#### [The task]
Transcribe the data below verbatim from the line with "Relativity Sweatshirt" to the line with "Smittybilt Jeep Wrangler". Include both of those lines.

___ Task inputs ___

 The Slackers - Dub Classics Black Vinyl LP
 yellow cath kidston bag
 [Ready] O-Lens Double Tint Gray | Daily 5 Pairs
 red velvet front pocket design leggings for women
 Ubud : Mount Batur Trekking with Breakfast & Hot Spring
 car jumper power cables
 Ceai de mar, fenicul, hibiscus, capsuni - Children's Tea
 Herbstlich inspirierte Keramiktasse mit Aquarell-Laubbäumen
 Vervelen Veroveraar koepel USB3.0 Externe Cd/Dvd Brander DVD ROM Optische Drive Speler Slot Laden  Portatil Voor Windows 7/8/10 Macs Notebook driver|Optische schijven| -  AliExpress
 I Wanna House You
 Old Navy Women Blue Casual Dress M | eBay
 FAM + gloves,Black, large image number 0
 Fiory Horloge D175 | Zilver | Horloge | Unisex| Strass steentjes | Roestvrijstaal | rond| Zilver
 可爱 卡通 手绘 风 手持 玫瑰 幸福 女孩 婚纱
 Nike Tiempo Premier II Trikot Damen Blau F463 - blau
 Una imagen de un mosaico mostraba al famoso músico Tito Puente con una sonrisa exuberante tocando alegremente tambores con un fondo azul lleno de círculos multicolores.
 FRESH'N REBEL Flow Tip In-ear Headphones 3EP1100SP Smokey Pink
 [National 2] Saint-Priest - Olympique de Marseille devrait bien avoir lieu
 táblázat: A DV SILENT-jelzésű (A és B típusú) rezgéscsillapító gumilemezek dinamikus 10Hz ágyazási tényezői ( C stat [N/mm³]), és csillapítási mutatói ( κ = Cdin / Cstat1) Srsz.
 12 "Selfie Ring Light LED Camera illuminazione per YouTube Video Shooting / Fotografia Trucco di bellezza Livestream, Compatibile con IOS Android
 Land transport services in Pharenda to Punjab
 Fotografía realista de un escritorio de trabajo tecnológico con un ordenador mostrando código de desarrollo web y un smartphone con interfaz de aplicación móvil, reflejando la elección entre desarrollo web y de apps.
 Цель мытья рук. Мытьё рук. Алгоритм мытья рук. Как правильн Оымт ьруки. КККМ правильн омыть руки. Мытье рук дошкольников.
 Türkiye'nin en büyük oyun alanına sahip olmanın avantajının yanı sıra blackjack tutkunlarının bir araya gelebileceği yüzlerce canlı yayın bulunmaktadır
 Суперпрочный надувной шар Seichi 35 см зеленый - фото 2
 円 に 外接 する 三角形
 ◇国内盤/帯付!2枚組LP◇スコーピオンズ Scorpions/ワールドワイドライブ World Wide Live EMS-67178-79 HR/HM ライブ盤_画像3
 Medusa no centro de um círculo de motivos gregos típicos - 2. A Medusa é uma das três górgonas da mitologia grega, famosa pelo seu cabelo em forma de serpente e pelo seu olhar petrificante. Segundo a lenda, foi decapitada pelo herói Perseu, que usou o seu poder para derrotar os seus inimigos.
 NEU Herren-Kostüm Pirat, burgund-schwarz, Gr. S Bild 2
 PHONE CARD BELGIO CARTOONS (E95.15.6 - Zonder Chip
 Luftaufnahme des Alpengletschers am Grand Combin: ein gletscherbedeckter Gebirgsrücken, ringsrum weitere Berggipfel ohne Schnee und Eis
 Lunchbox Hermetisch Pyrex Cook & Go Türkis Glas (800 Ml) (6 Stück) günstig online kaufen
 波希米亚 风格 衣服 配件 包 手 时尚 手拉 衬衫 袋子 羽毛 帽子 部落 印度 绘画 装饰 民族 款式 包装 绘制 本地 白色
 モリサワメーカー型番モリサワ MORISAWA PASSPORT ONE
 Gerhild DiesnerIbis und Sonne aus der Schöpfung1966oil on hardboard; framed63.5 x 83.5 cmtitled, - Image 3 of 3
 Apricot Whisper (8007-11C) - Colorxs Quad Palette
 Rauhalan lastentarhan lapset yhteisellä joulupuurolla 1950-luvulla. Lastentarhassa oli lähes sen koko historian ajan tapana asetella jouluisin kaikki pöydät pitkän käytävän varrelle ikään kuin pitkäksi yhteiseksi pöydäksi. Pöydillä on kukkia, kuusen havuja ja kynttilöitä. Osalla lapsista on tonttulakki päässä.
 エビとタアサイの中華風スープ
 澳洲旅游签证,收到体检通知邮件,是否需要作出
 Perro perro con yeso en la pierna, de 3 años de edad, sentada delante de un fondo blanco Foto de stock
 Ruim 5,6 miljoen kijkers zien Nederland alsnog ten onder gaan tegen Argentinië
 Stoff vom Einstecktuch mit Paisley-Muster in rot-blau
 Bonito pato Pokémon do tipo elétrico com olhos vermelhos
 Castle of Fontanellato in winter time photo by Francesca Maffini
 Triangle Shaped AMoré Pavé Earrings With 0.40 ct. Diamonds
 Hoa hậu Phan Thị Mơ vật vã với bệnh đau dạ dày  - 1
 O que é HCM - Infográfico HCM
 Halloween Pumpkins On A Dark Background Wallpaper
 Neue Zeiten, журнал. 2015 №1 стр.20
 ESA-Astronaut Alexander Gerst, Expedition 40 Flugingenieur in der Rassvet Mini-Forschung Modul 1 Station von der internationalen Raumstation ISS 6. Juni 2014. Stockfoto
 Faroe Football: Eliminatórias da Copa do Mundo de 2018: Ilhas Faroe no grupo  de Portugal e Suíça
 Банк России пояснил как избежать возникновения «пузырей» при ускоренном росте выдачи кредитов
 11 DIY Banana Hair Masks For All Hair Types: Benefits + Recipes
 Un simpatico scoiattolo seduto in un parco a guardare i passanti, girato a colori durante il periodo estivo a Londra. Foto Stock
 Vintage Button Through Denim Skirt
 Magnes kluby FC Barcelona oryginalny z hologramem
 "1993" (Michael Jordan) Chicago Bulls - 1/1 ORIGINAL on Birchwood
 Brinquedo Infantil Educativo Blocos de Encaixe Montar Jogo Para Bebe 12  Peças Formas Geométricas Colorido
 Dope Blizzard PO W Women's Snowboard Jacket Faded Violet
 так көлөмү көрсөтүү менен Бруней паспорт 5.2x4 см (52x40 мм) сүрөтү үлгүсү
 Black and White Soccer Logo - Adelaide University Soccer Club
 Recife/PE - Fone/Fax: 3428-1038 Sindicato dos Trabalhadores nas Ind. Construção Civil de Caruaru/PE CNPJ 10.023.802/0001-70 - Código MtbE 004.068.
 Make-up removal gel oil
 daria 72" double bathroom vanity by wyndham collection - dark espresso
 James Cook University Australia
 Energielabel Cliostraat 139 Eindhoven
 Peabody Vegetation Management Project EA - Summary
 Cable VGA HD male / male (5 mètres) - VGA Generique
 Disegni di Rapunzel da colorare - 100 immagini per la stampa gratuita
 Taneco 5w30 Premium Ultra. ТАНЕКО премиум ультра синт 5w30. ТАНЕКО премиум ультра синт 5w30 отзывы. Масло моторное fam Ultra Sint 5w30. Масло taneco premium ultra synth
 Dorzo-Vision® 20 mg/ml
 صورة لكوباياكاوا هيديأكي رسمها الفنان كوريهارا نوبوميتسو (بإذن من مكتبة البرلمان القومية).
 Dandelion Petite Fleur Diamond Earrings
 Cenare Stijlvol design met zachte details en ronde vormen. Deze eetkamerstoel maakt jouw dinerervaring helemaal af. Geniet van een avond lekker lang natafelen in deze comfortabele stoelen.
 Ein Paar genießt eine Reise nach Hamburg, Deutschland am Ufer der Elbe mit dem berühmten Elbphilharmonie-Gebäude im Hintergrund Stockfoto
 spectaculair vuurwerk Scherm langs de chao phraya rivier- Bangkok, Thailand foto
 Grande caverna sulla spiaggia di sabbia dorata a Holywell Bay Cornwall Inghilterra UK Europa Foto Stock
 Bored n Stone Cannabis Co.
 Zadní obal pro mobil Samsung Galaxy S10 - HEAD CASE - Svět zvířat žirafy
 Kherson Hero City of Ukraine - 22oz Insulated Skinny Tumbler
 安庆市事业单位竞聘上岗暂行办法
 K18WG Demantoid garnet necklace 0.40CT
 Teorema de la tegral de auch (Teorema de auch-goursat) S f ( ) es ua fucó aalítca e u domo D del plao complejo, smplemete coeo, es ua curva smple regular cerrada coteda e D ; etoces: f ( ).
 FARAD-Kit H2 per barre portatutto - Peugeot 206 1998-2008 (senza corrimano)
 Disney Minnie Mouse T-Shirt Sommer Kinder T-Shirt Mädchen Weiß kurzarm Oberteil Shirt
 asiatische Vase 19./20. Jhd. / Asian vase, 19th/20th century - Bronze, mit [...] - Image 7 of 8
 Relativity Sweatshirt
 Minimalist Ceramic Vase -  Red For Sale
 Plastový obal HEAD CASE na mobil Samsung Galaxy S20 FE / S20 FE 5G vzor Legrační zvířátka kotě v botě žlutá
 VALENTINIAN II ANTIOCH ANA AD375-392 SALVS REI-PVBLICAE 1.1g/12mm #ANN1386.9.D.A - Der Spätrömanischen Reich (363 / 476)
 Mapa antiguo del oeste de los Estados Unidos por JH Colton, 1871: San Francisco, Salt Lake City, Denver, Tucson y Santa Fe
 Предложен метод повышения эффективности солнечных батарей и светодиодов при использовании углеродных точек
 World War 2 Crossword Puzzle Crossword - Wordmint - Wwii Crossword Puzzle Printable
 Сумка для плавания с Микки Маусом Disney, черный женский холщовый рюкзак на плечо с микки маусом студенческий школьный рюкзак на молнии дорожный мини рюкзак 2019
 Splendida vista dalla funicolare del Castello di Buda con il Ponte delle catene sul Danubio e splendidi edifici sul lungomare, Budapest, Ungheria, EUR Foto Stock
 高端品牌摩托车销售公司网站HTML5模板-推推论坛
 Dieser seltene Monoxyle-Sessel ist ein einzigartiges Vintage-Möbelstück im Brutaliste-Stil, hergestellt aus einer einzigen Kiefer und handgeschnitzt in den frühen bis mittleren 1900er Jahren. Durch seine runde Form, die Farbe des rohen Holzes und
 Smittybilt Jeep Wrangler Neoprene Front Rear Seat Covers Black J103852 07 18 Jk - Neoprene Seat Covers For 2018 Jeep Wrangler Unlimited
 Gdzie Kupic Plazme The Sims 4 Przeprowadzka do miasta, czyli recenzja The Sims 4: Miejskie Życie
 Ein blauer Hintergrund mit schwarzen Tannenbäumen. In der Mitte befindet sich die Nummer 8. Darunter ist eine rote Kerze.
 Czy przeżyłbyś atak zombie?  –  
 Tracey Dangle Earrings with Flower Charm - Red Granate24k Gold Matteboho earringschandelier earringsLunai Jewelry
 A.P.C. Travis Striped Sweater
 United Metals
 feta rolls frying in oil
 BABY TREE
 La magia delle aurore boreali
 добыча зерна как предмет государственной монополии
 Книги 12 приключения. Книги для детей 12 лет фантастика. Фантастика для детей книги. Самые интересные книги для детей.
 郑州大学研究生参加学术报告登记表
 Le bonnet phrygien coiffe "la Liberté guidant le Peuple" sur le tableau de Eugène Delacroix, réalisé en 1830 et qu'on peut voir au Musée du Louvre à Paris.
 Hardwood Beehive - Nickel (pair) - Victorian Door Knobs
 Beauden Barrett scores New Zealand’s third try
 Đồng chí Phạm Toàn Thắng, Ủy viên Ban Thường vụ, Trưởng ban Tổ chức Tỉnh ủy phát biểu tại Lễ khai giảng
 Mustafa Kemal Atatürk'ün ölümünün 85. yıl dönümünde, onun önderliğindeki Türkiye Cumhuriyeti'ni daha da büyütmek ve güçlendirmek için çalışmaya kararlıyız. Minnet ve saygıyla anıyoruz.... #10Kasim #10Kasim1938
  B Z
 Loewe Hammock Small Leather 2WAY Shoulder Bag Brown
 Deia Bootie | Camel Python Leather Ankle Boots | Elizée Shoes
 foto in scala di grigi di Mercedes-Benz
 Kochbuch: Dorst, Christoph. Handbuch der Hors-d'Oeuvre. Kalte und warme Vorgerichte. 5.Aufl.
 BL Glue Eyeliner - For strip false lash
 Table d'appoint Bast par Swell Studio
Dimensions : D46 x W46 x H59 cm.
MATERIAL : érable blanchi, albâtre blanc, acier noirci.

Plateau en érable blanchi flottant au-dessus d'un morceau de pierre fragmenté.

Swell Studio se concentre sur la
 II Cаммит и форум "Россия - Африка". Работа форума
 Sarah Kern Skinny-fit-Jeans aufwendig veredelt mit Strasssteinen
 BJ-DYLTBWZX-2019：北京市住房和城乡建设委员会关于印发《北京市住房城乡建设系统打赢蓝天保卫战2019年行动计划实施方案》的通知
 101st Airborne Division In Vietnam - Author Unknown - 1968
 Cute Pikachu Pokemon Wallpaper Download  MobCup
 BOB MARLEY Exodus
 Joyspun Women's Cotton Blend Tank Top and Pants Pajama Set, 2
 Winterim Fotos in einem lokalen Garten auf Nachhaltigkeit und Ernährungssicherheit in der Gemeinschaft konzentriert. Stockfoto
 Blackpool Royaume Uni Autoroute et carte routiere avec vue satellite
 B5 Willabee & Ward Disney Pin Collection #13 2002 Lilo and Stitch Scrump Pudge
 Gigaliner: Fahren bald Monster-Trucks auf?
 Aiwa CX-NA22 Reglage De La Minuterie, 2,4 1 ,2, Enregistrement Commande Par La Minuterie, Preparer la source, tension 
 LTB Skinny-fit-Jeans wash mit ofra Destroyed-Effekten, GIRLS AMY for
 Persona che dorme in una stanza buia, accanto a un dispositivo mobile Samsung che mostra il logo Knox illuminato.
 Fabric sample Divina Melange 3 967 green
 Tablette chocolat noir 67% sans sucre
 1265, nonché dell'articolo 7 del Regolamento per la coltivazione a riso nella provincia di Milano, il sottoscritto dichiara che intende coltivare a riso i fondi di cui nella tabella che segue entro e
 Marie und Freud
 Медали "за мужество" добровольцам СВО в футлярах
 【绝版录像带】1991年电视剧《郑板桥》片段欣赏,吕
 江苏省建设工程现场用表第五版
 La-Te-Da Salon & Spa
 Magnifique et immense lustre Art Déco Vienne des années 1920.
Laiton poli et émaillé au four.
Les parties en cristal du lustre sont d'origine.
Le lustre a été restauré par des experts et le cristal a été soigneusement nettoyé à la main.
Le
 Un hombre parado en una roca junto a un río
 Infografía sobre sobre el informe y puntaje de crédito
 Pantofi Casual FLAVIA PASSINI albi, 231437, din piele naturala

___

#### [Exercise answer]
 Relativity Sweatshirt
 Minimalist Ceramic Vase -  Red For Sale
 Plastový obal HEAD CASE na mobil Samsung Galaxy S20 FE / S20 FE 5G vzor Legrační zvířátka kotě v botě žlutá
 VALENTINIAN II ANTIOCH ANA AD375-392 SALVS REI-PVBLICAE 1.1g/12mm #ANN1386.9.D.A - Der Spätrömanischen Reich (363 / 476)
 Mapa antiguo del oeste de los Estados Unidos por JH Colton, 1871: San Francisco, Salt Lake City, Denver, Tucson y Santa Fe
 Предложен метод повышения эффективности солнечных батарей и светодиодов при использовании углеродных точек
 World War 2 Crossword Puzzle Crossword - Wordmint - Wwii Crossword Puzzle Printable
 Сумка для плавания с Микки Маусом Disney, черный женский холщовый рюкзак на плечо с микки маусом студенческий школьный рюкзак на молнии дорожный мини рюкзак 2019
 Splendida vista dalla funicolare del Castello di Buda con il Ponte delle catene sul Danubio e splendidi edifici sul lungomare, Budapest, Ungheria, EUR Foto Stock
 高端品牌摩托车销售公司网站HTML5模板-推推论坛
 Dieser seltene Monoxyle-Sessel ist ein einzigartiges Vintage-Möbelstück im Brutaliste-Stil, hergestellt aus einer einzigen Kiefer und handgeschnitzt in den frühen bis mittleren 1900er Jahren. Durch seine runde Form, die Farbe des rohen Holzes und
 Smittybilt Jeep Wrangler Neoprene Front Rear Seat Covers Black J103852 07 18 Jk - Neoprene Seat Covers For 2018 Jeep Wrangler Unlimited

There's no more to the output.